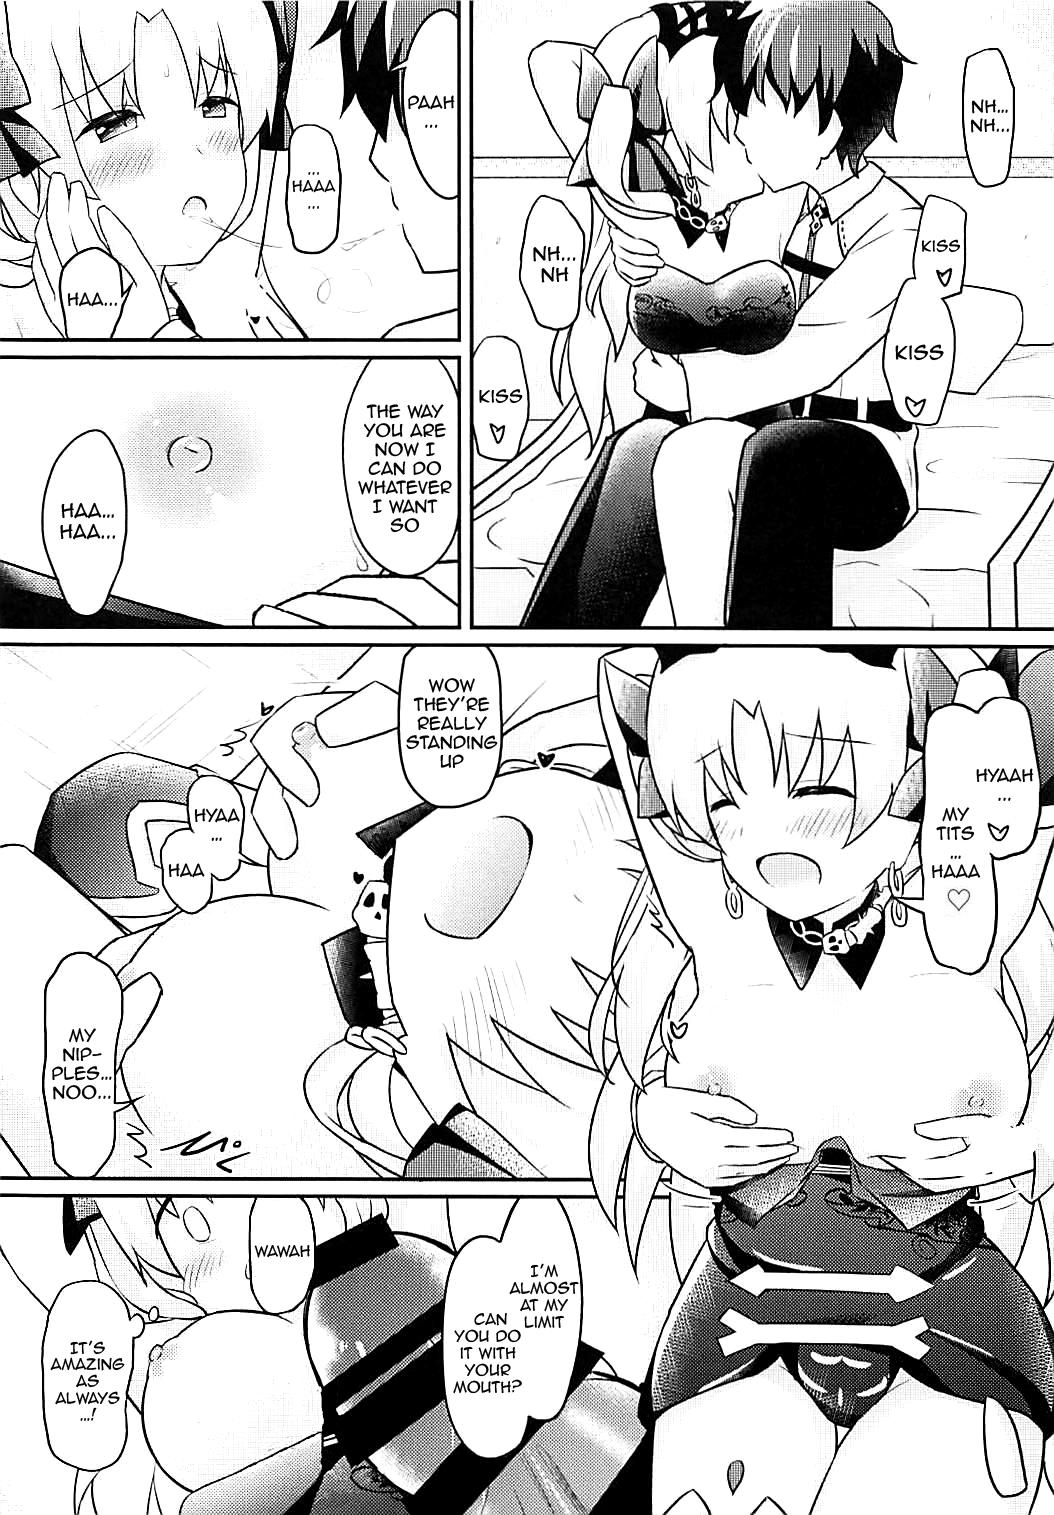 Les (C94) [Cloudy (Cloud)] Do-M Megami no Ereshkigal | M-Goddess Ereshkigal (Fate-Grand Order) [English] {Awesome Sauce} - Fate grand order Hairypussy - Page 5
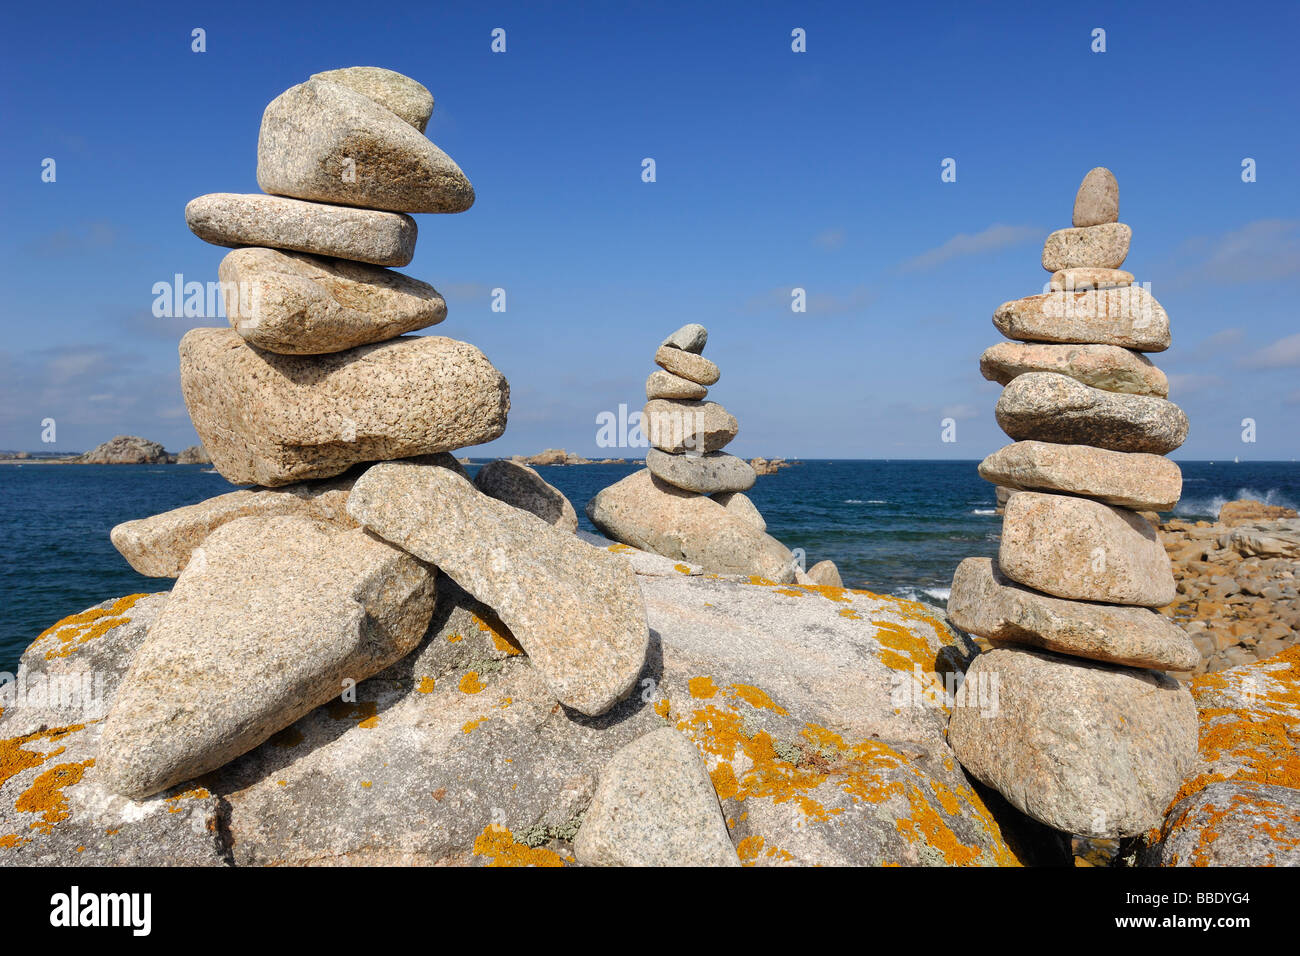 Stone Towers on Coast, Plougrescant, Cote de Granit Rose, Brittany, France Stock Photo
--
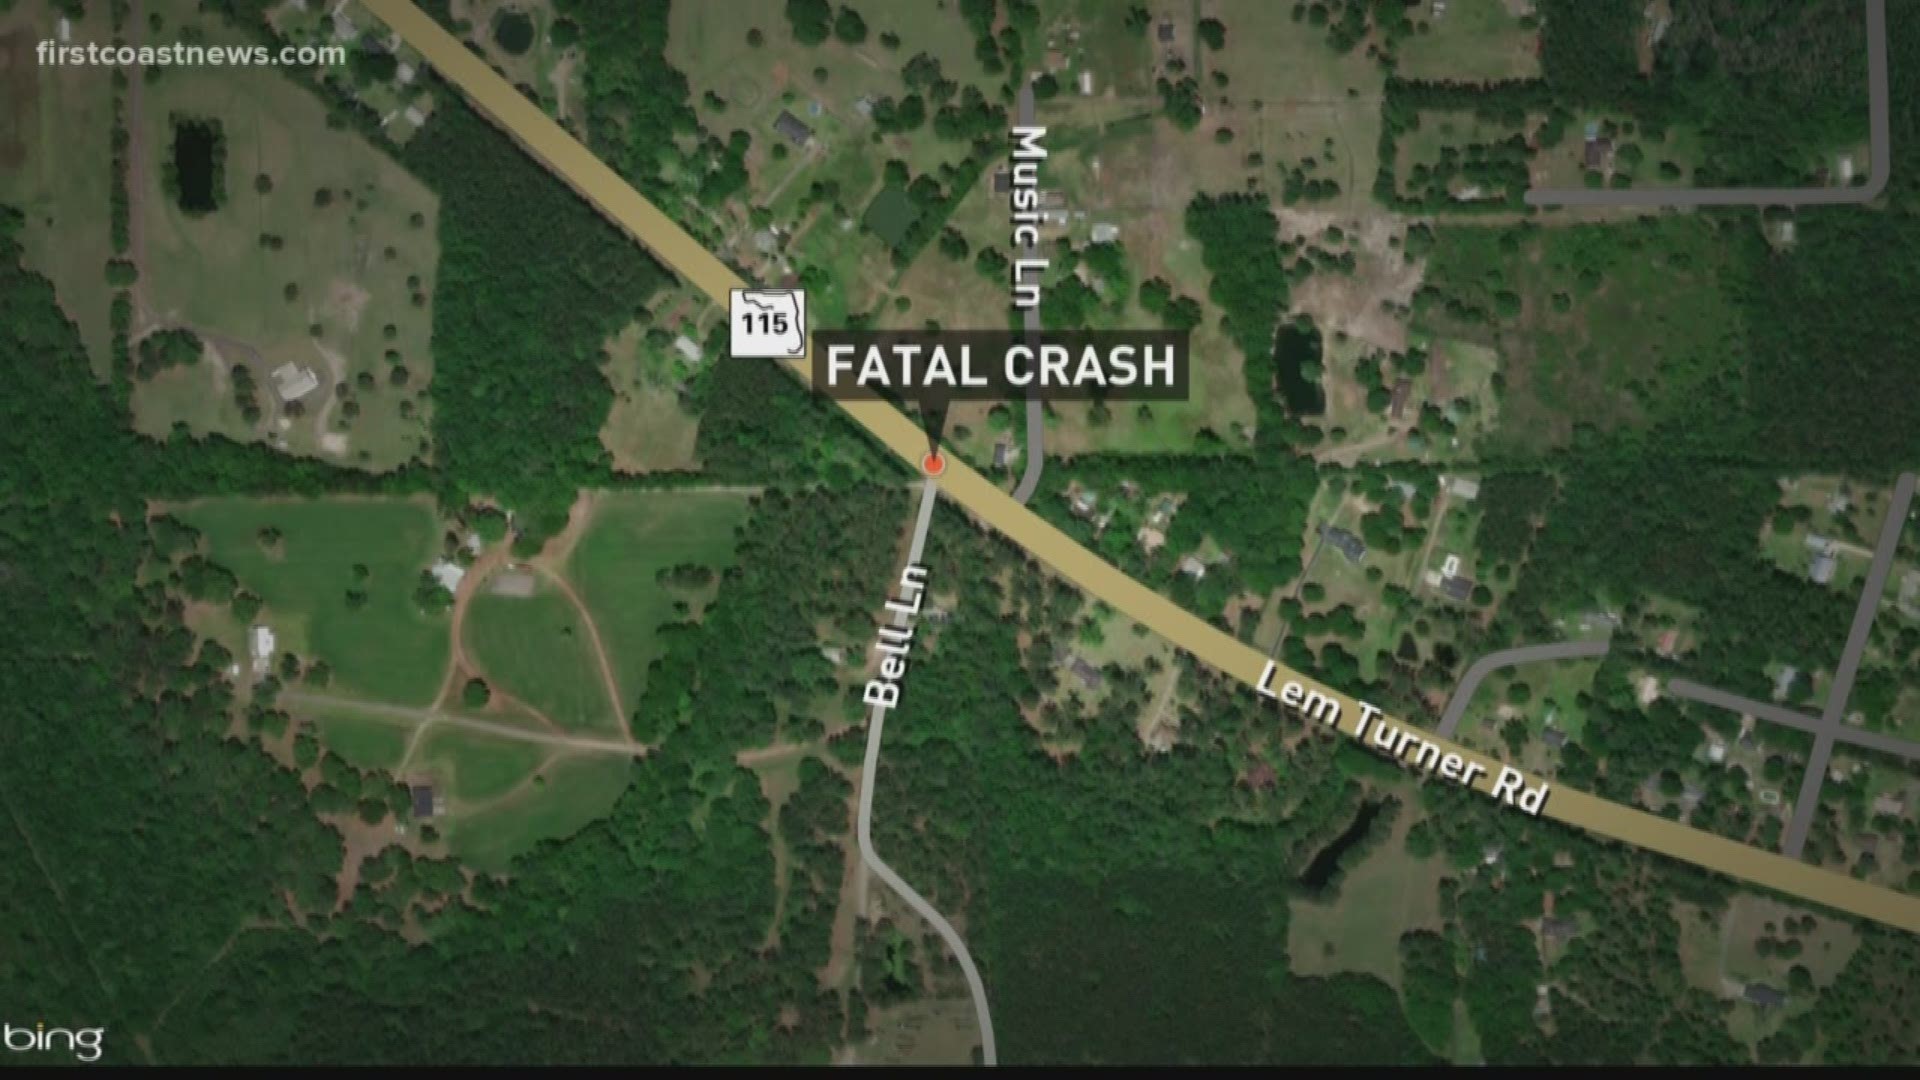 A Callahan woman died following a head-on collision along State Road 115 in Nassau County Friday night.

- [How to complete this task]:
In the entries above, find the line that contains "Les (C94) [Cloudy" and the line that contains "Stone Towers on". Reproduce exactly those two lines and every line between them, but not the pictures.

- [Your response]:
 Les (C94) [Cloudy (Cloud)] Do-M Megami no Ereshkigal | M-Goddess Ereshkigal (Fate-Grand Order) [English] {Awesome Sauce} - Fate grand order Hairypussy - Page 5
 Stone Towers on Coast, Plougrescant, Cote de Granit Rose, Brittany, France Stock Photo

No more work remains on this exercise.